* _AVAILABLE DATA_:
- - - - - - -

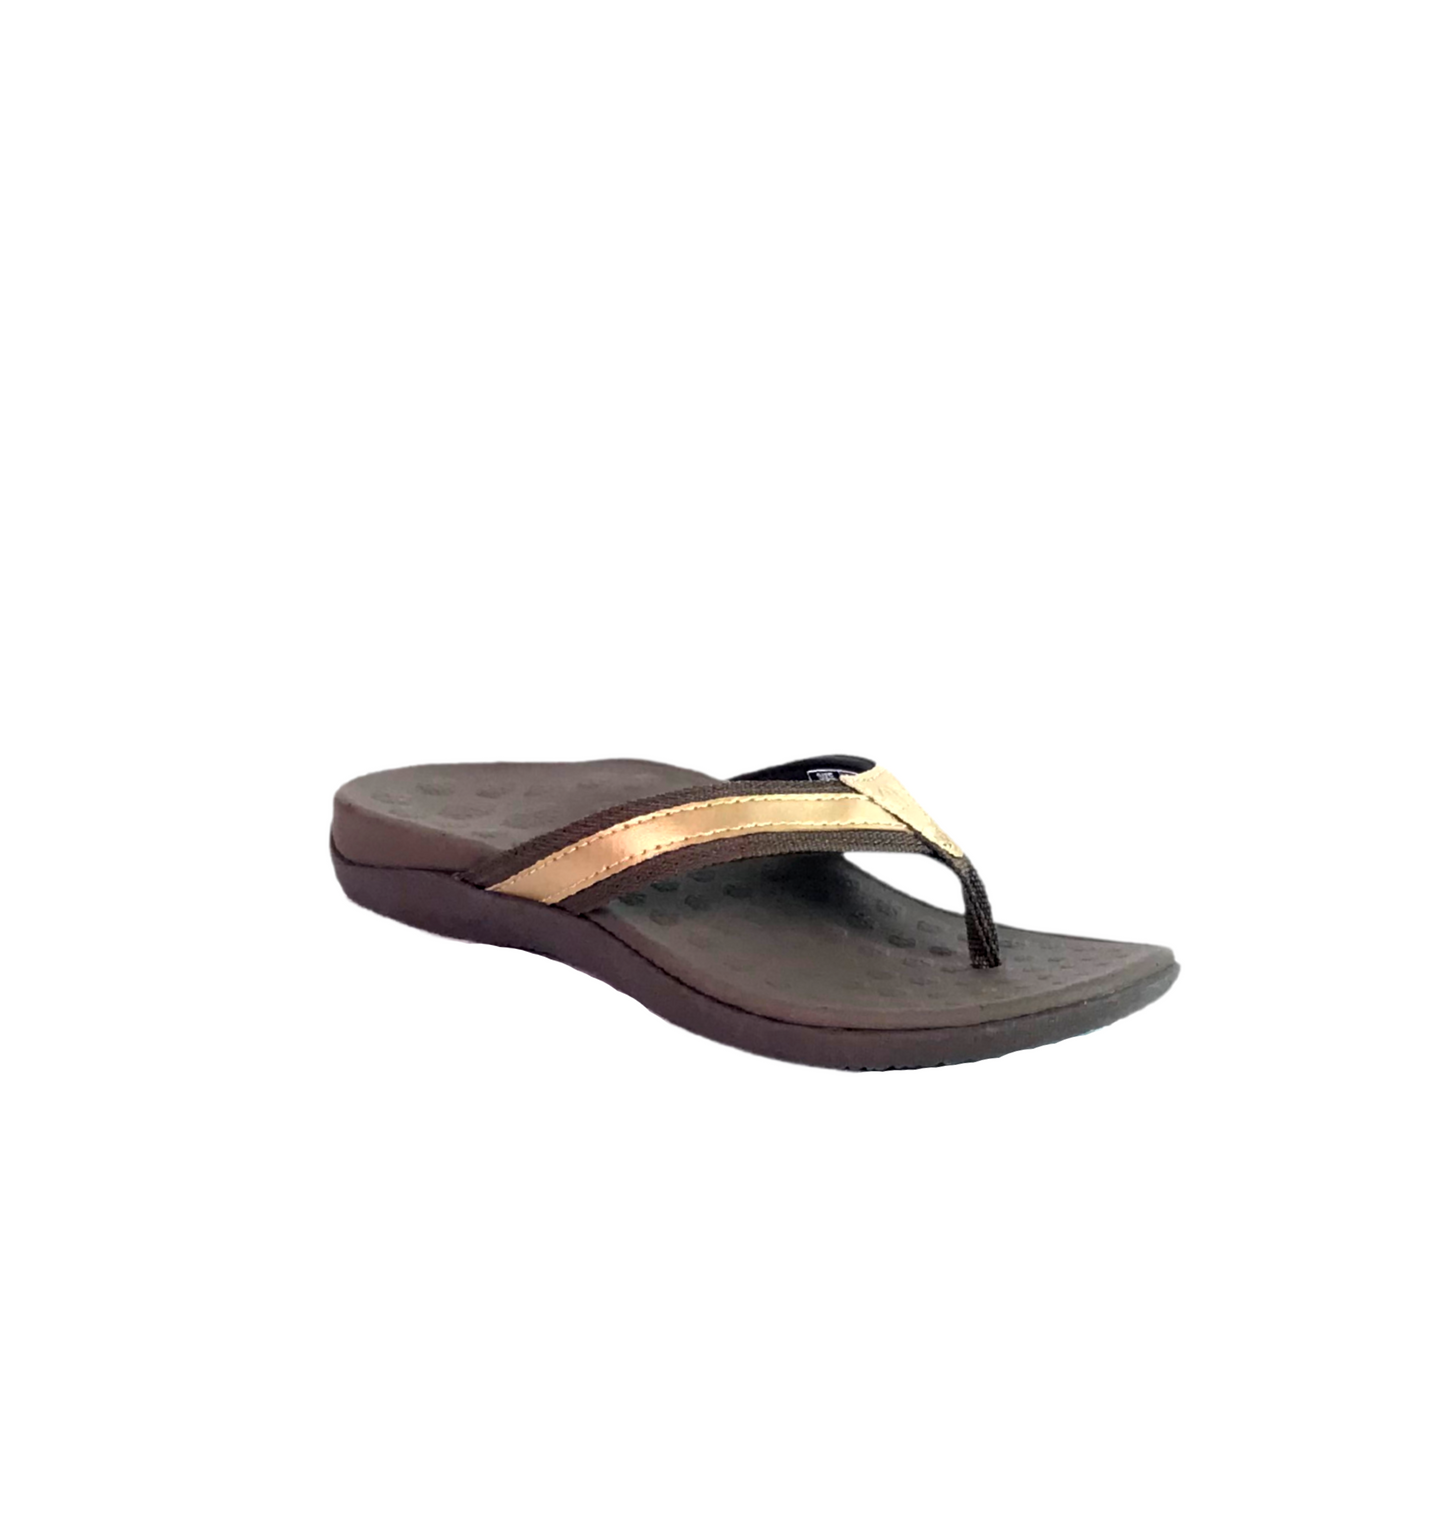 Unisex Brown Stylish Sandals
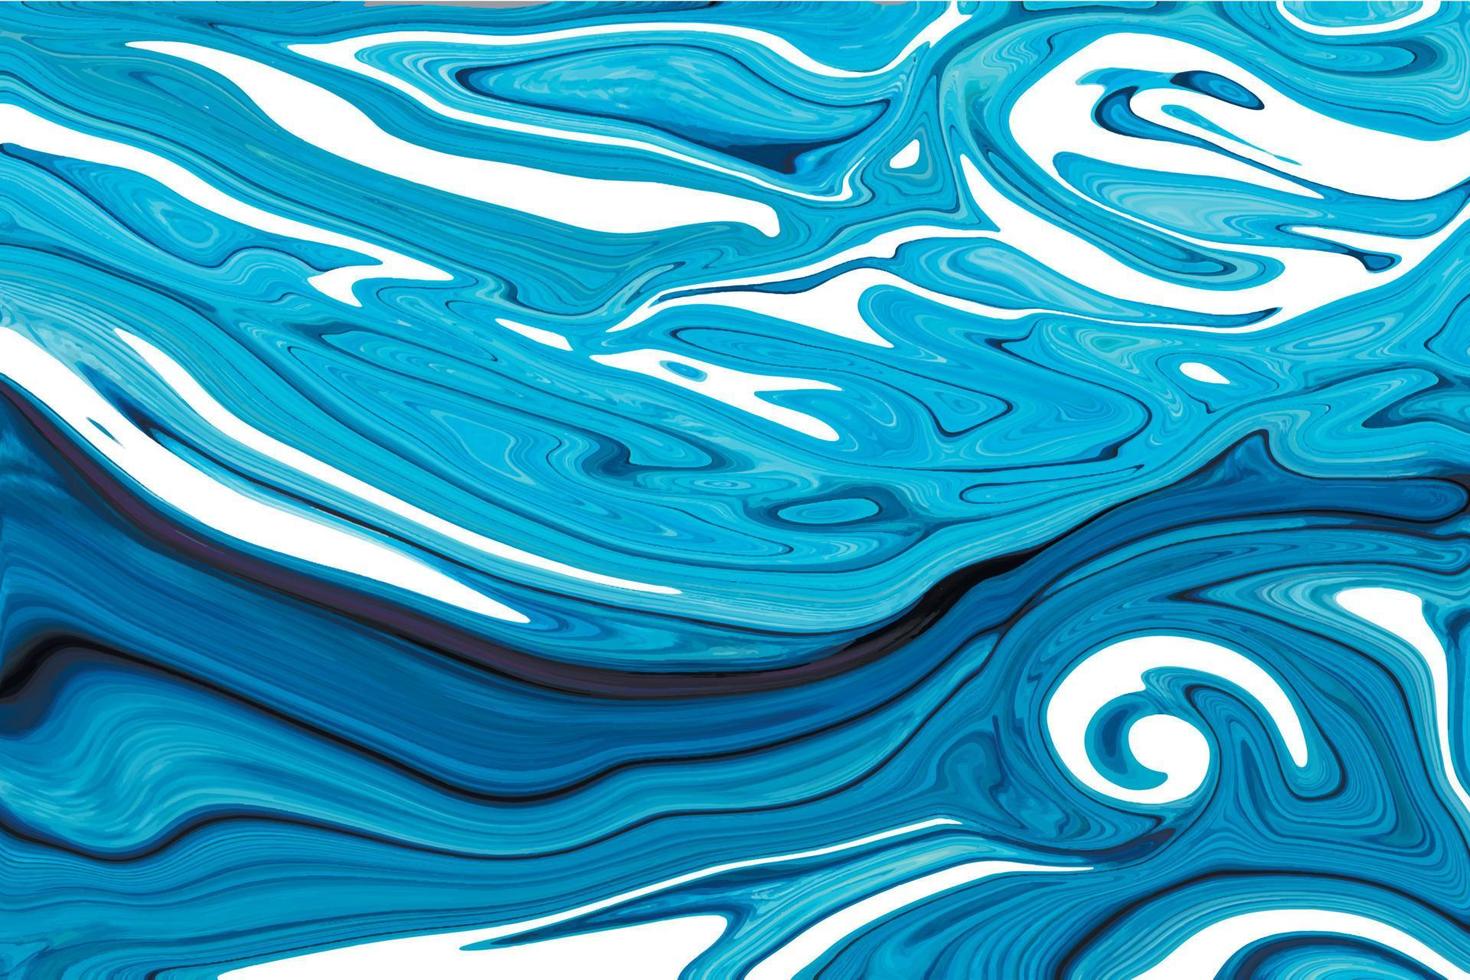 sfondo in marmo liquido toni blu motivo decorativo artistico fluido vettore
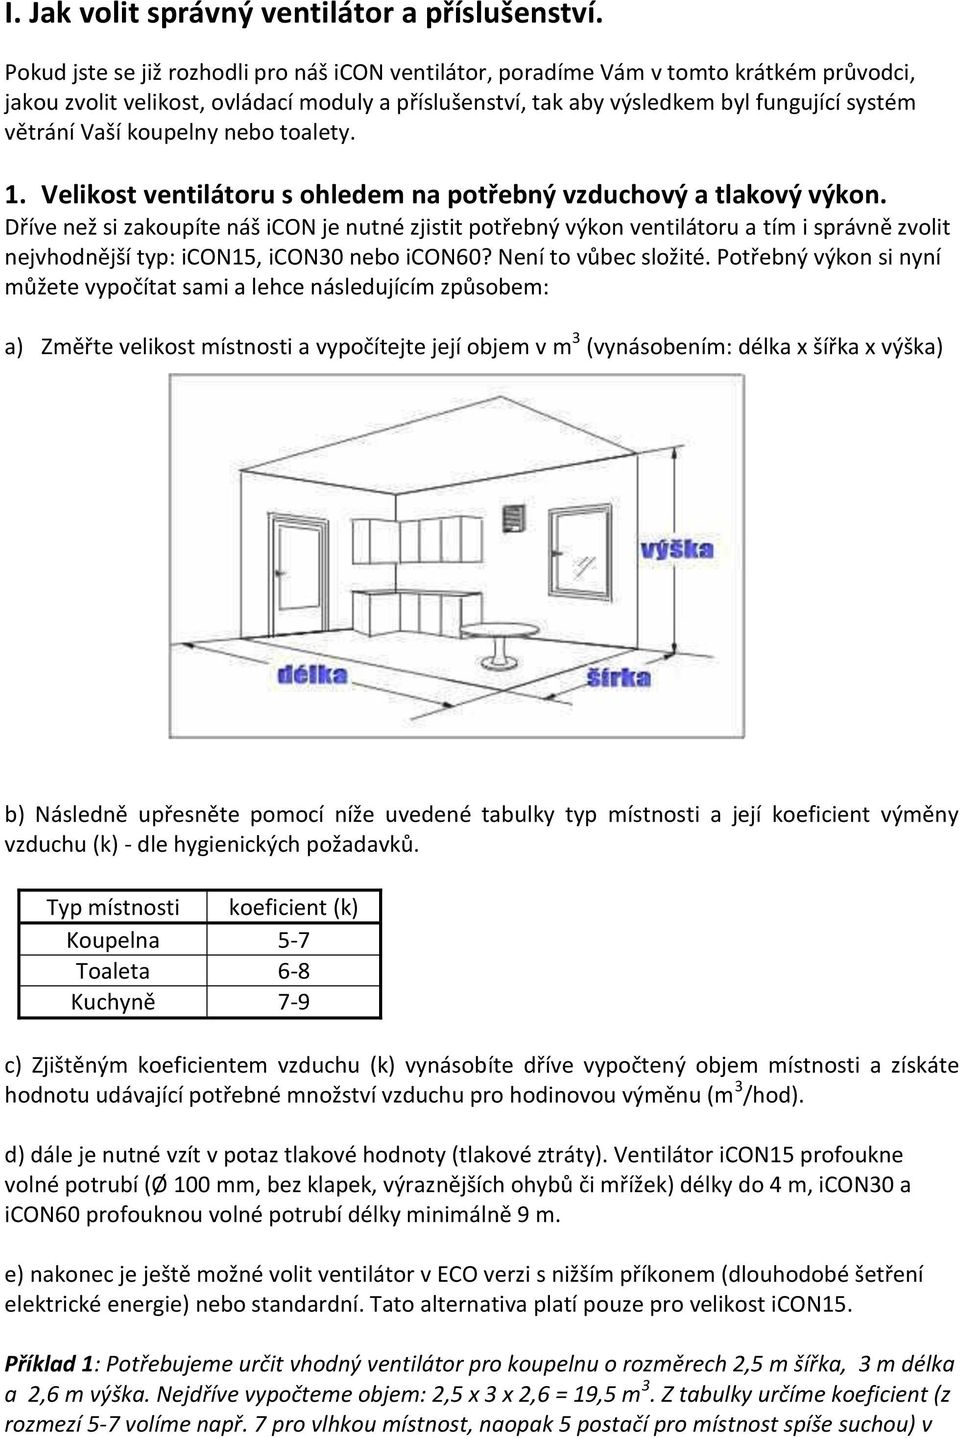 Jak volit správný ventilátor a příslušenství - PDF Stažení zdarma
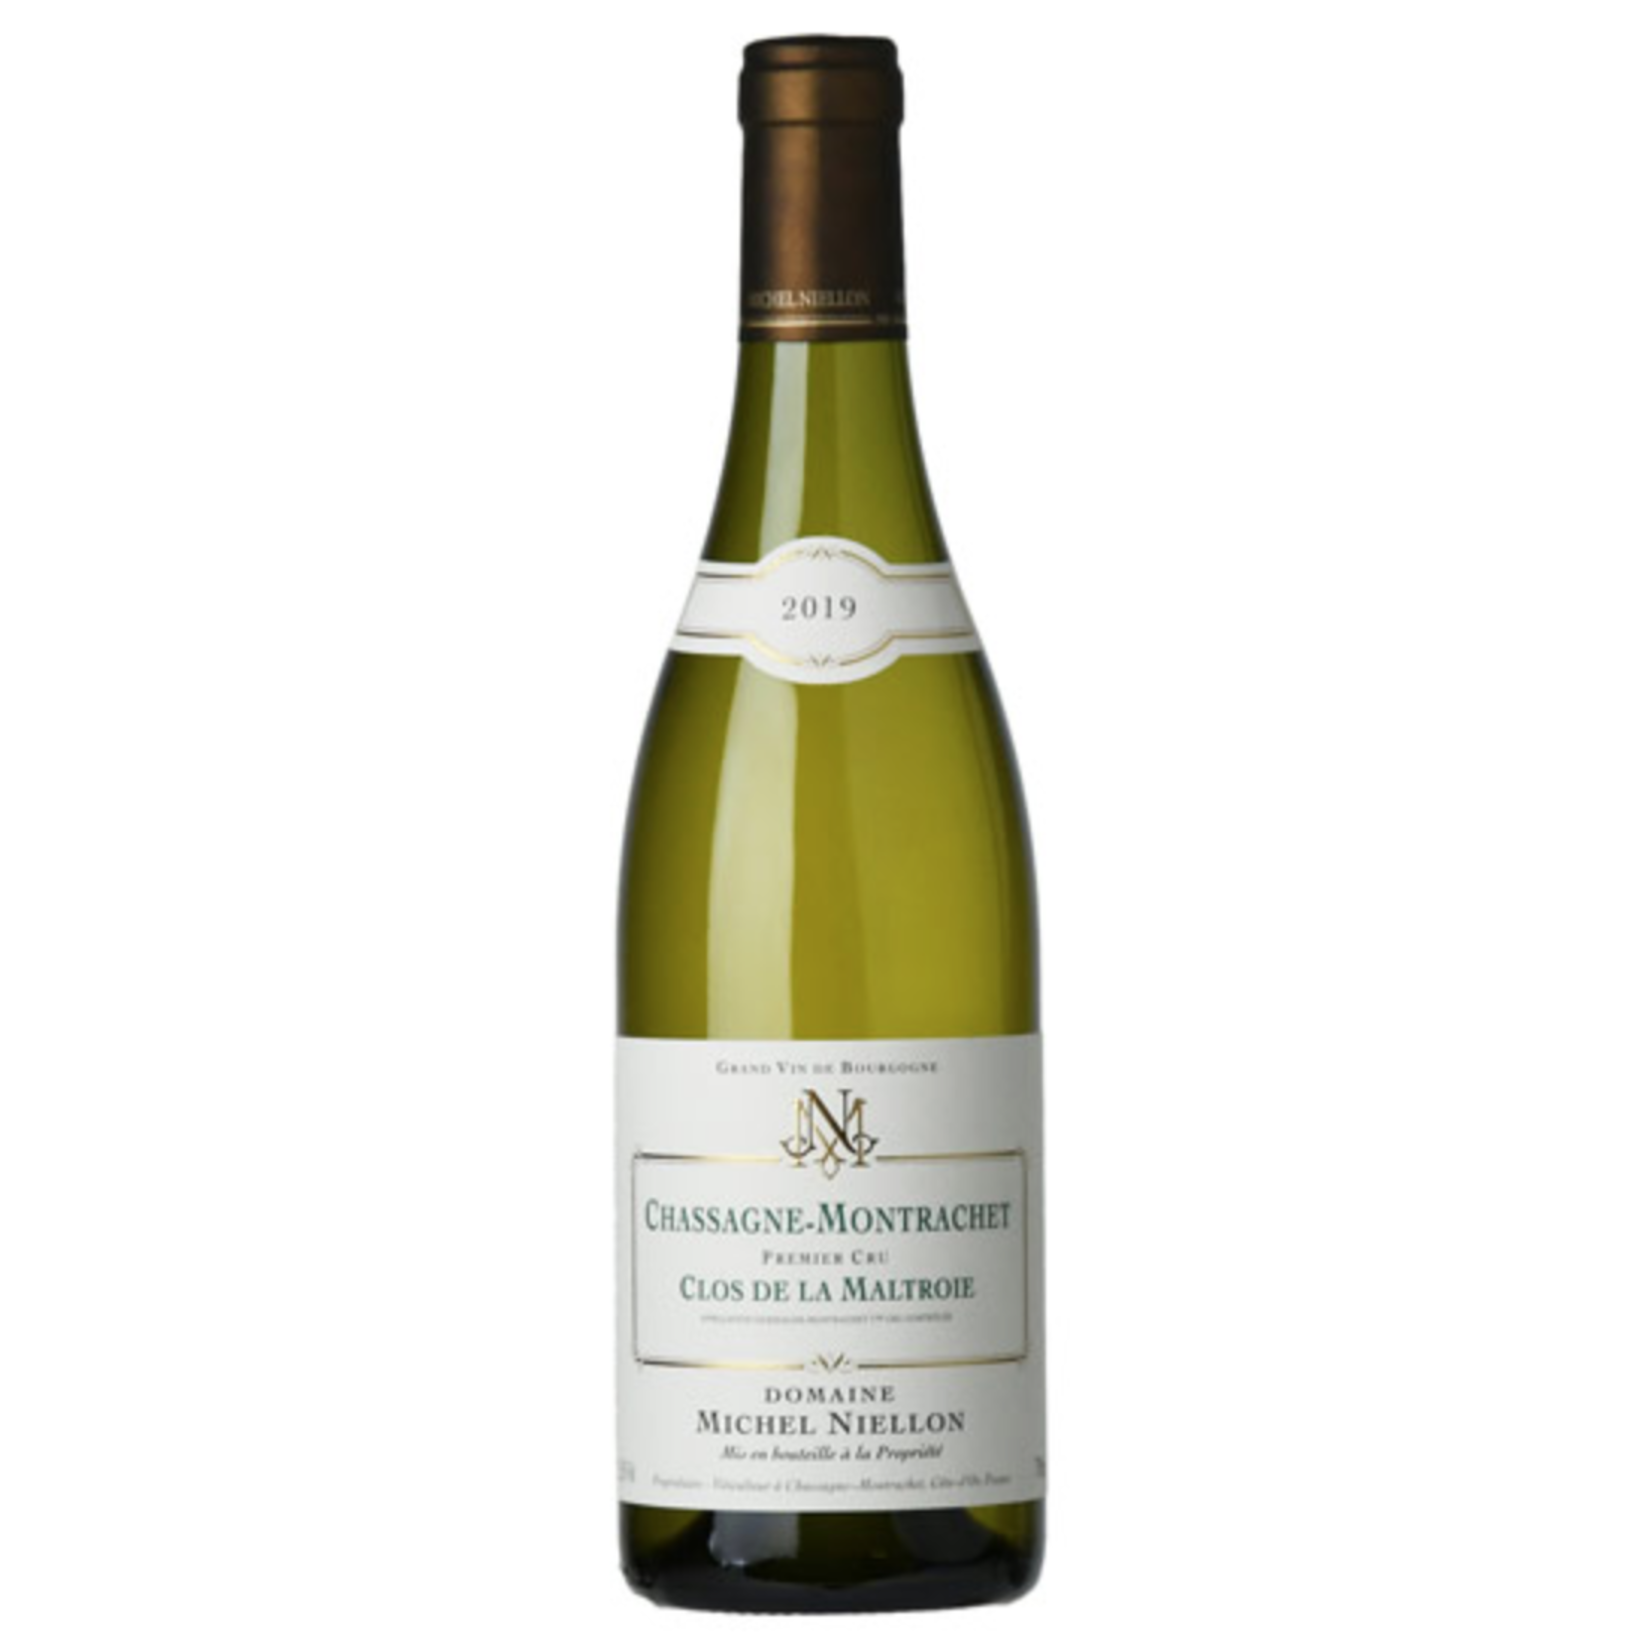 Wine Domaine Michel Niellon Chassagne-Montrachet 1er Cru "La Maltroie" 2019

- - - - - - -

Please copy the data shown above word for word, omitting the pictures.

 Unisex Brown Stylish Sandals
 sfondo in marmo liquido toni blu motivo decorativo artistico fluido vettore
 Jak volit správný ventilátor a příslušenství - PDF Stažení zdarma
 Wine Domaine Michel Niellon Chassagne-Montrachet 1er Cru "La Maltroie" 2019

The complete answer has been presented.